Well, the current system won't allow it because those with money don't want it to happen and they control government, don't they? Why do you think other healthcare gets in where there is PR? Where more sensible governing takes place?

Yes, Europe is different because the voters are different. They're different because of the different CHOICE they have.

Again, Germany.

Two very different elections. 

Here's the first election. 

The CDU/CSU ended up with 236 seats.
The SPD 58 seats
Die Linke 4 seats
Alliance/The Greens 1 seat


So, the CDU has a massive majority. Massive. They control everything, they can do everything they want, if people want to bribe the govt, they know who to go to. The people spoke, they wanted the CDU/CSU in power, right? 

Well no. 

Here's the second election

The CDU/CSU have 311 seats
The SPD have 193 seats
Die Linke have 64 seats
Alliance/The Greens have 63 seats

All of a sudden the CDU/CSU don't have a majority. Almost, but not quite. 316 would have been a majority. So they had to form a coalition. The SPD and CDU/CSU formed a coalition. The CDU couldn't do whatever they wanted, they had to work with others.
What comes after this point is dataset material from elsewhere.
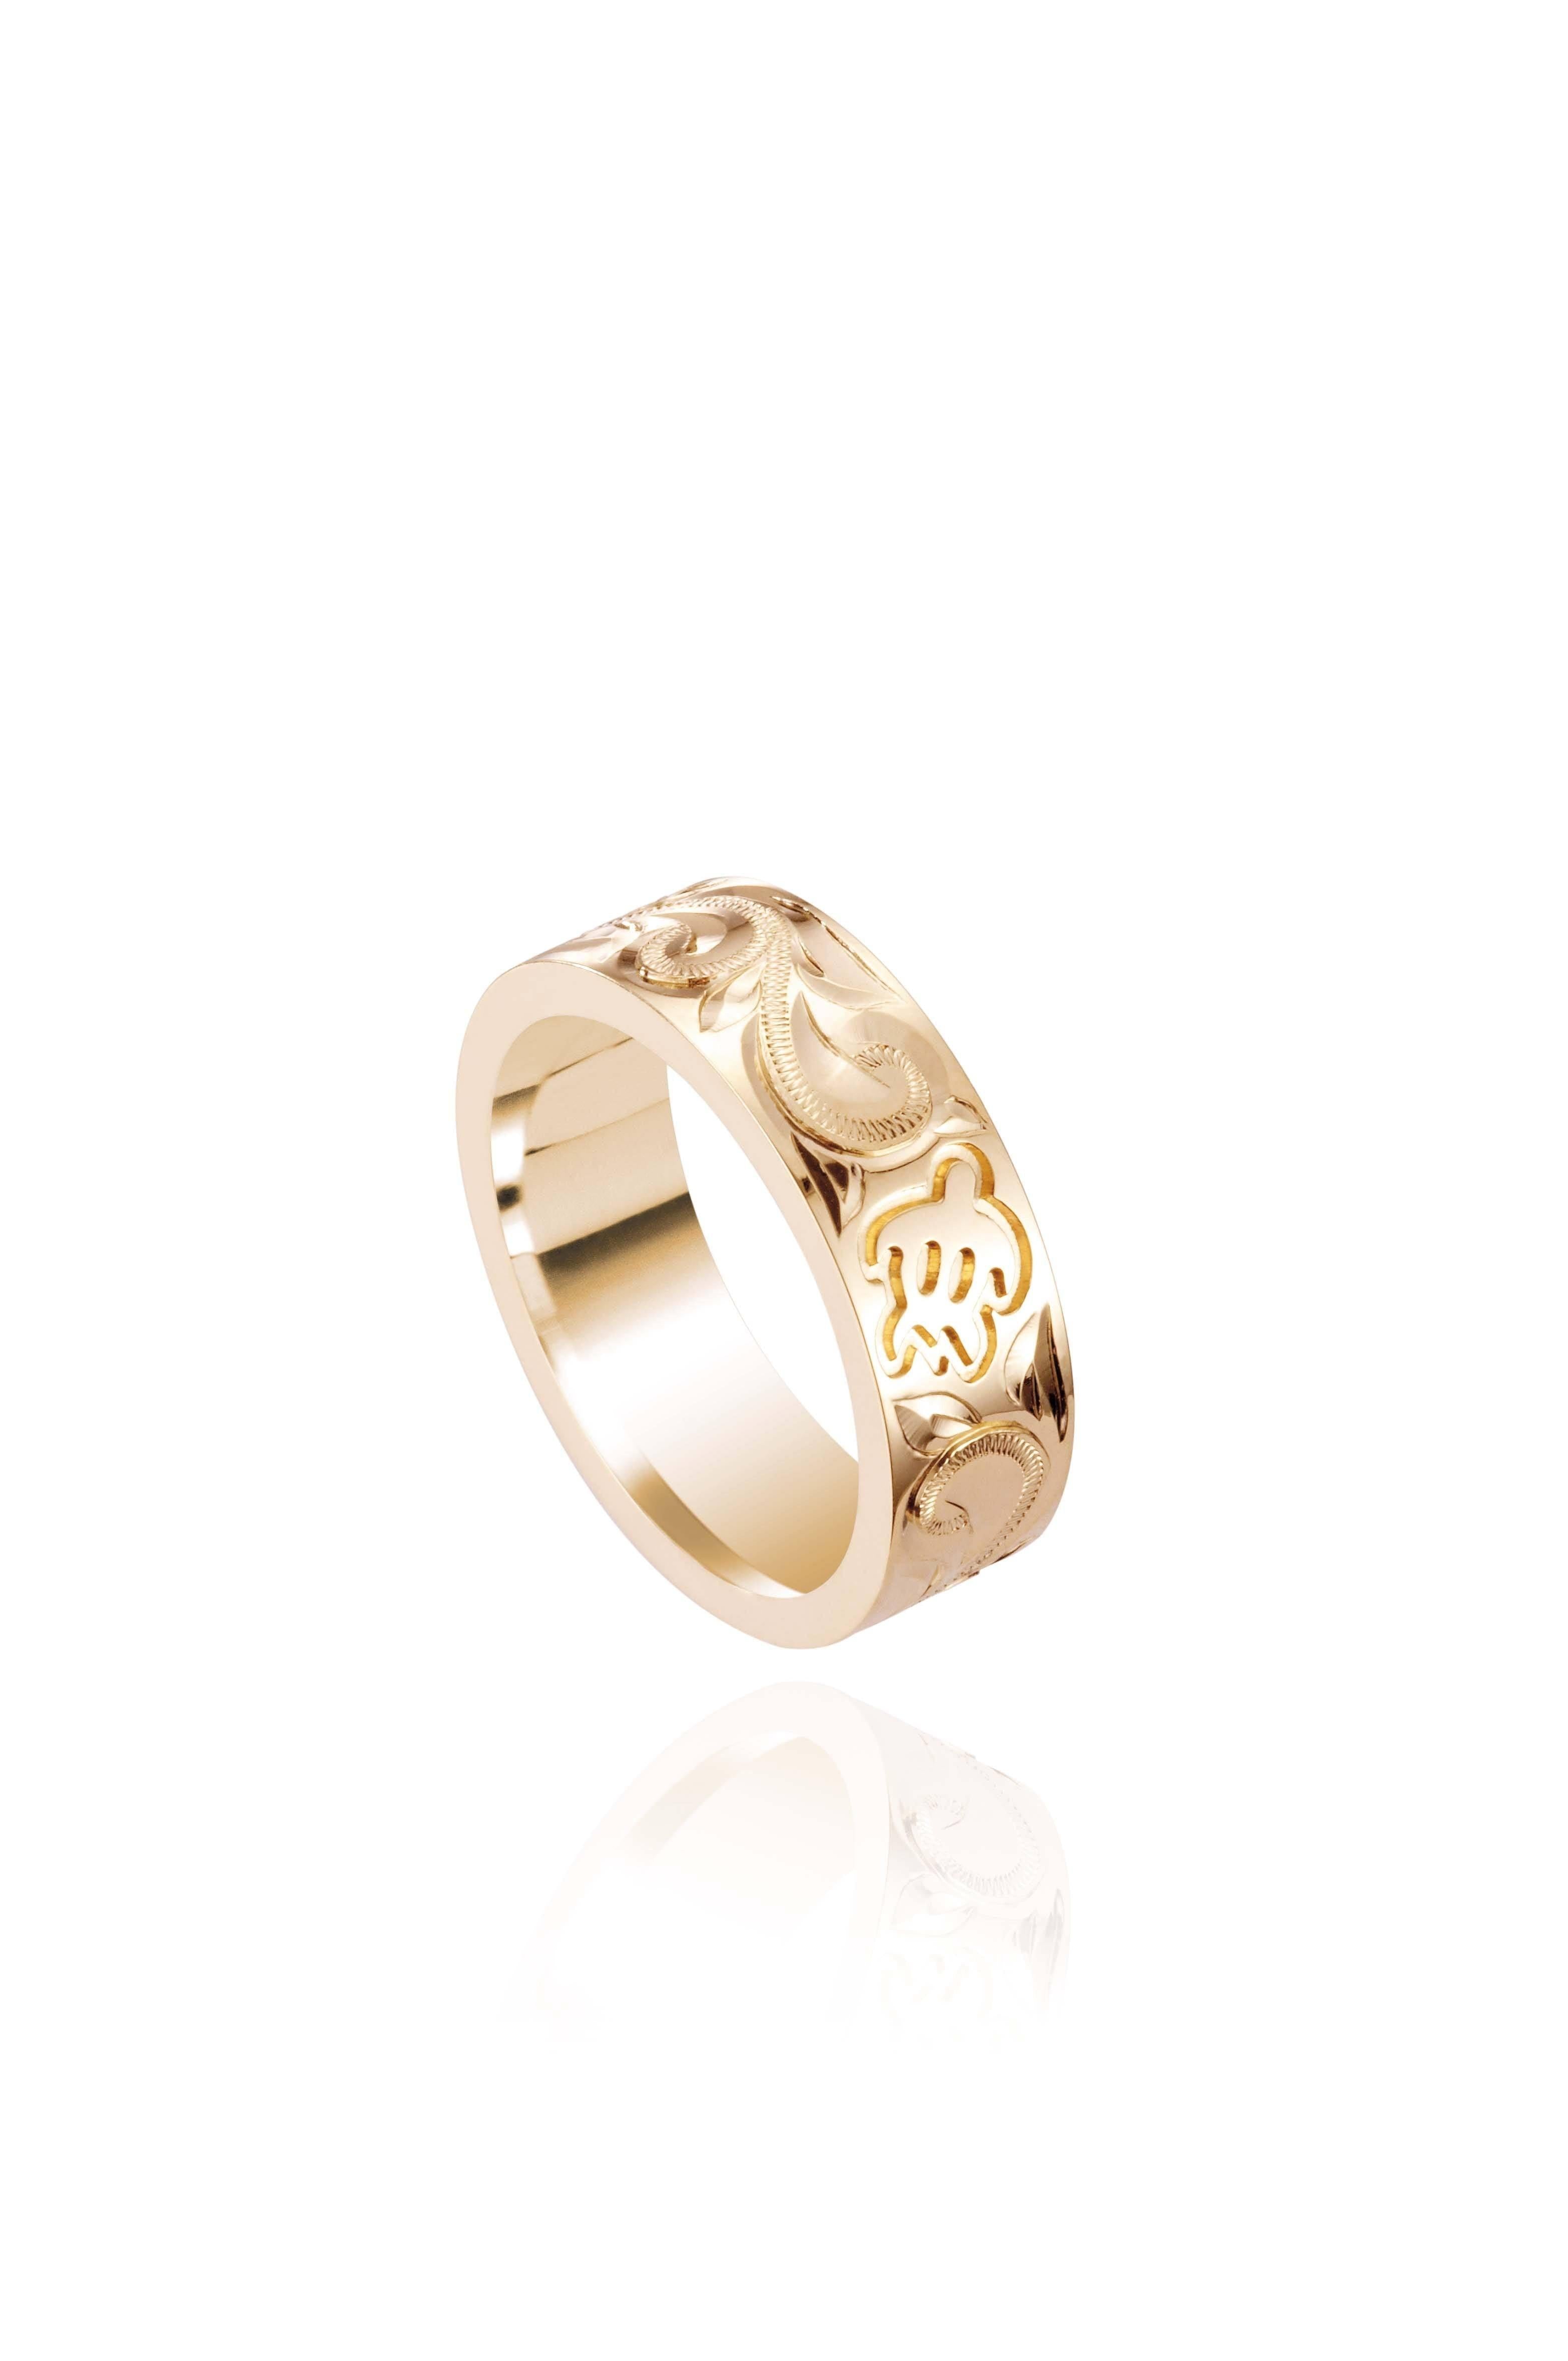 The photo shows a 6 mm 14K yellow gold ring with hand engravings including sea turtles.
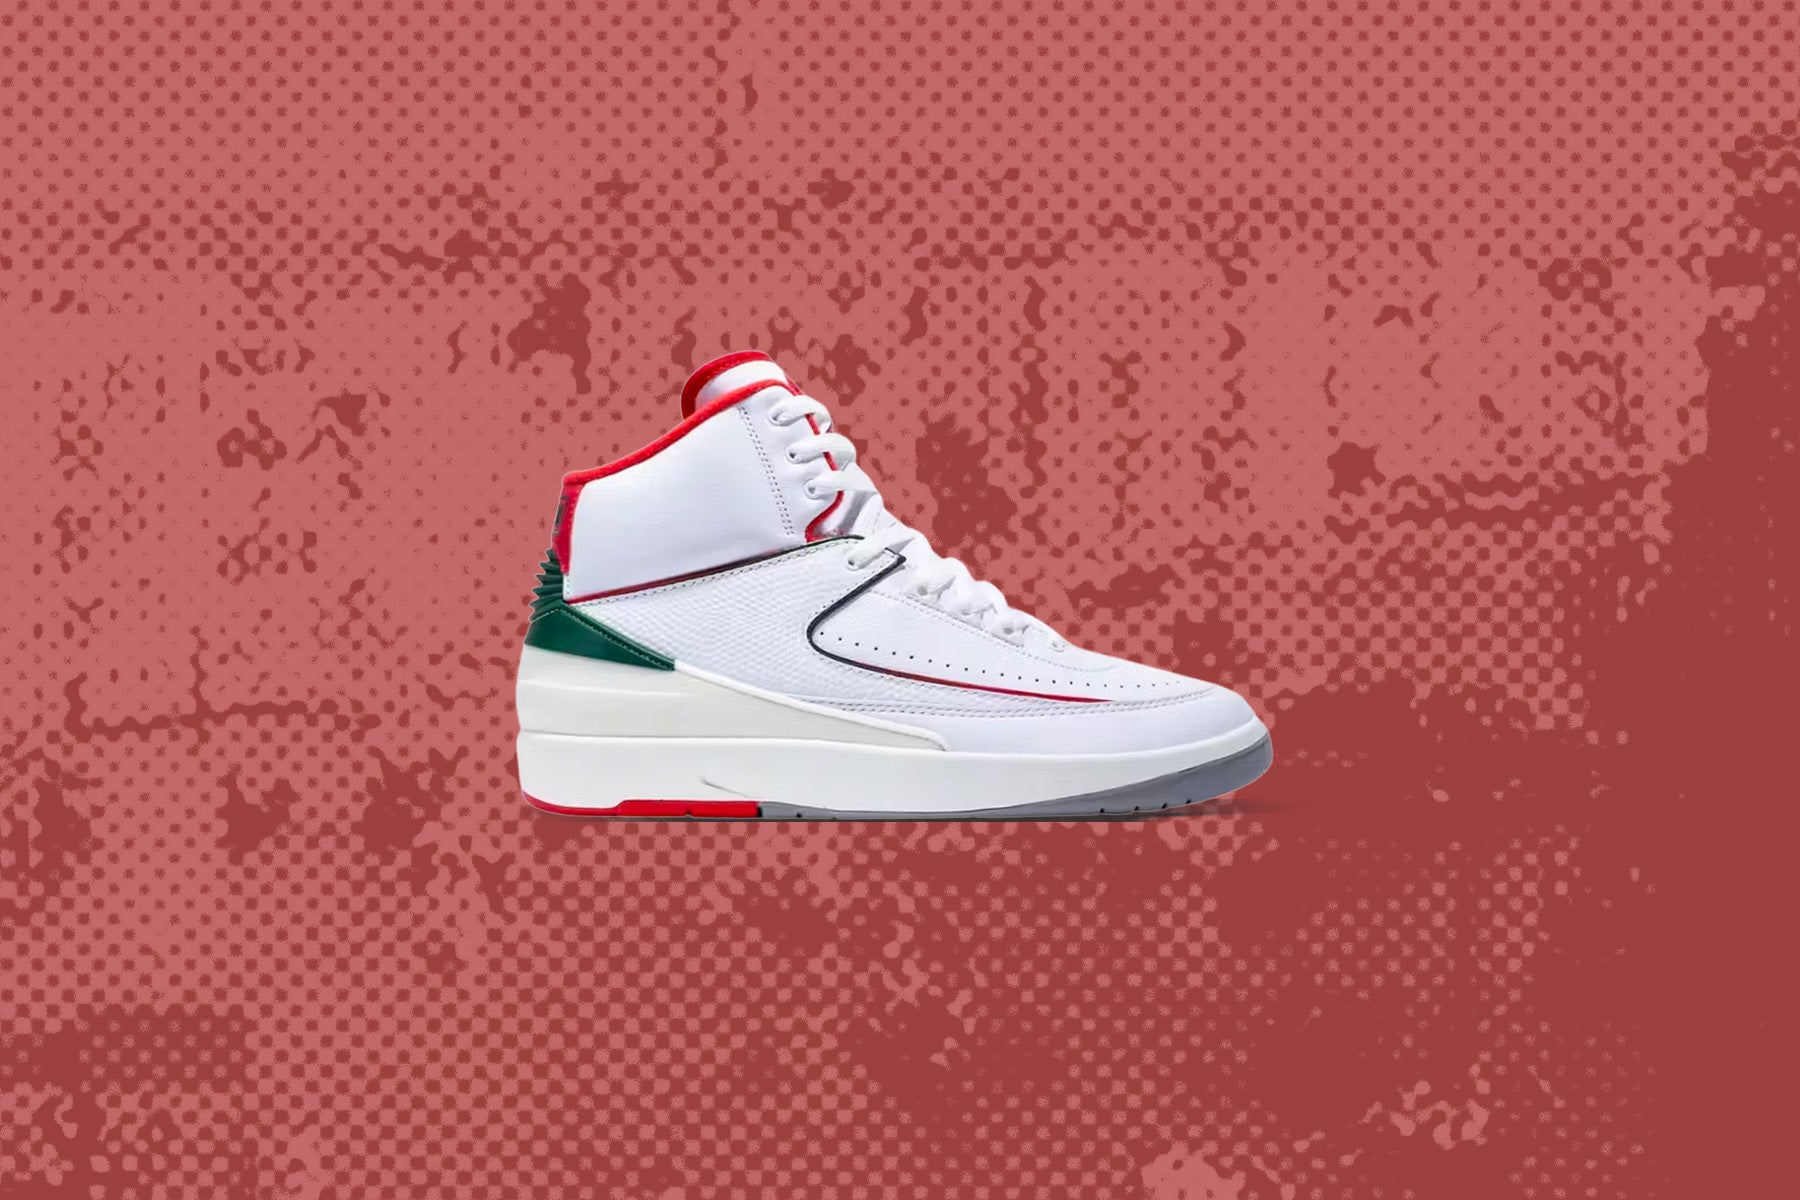 Air Jordan 2 Retro (GS) 'Italy' - White/Fire Red/Fir, , large image number null

These two elections happened at the SAME TIME on the SAME DAY with the SAME PEOPLE voting. The difference was the attitude of the voters with their vote. 

Did it have an impact on what happened afterwards? Yes, of course. A coalition govt has to be more responsible, more willing to cooperate with the other side, and this will lead to better politics. 

Now, what happens in the US is that everyone's fighting each other. If they have a majority they can push through what they want, like now, if not then they end up doing all sorts of silly games and diluting what they've got until it's pointless. The US system doesn't work.


----------



## dblack (Aug 11, 2017)

frigidweirdo said:


> Yes, Europe is different because the voters are different. They're different because of the different CHOICE they have.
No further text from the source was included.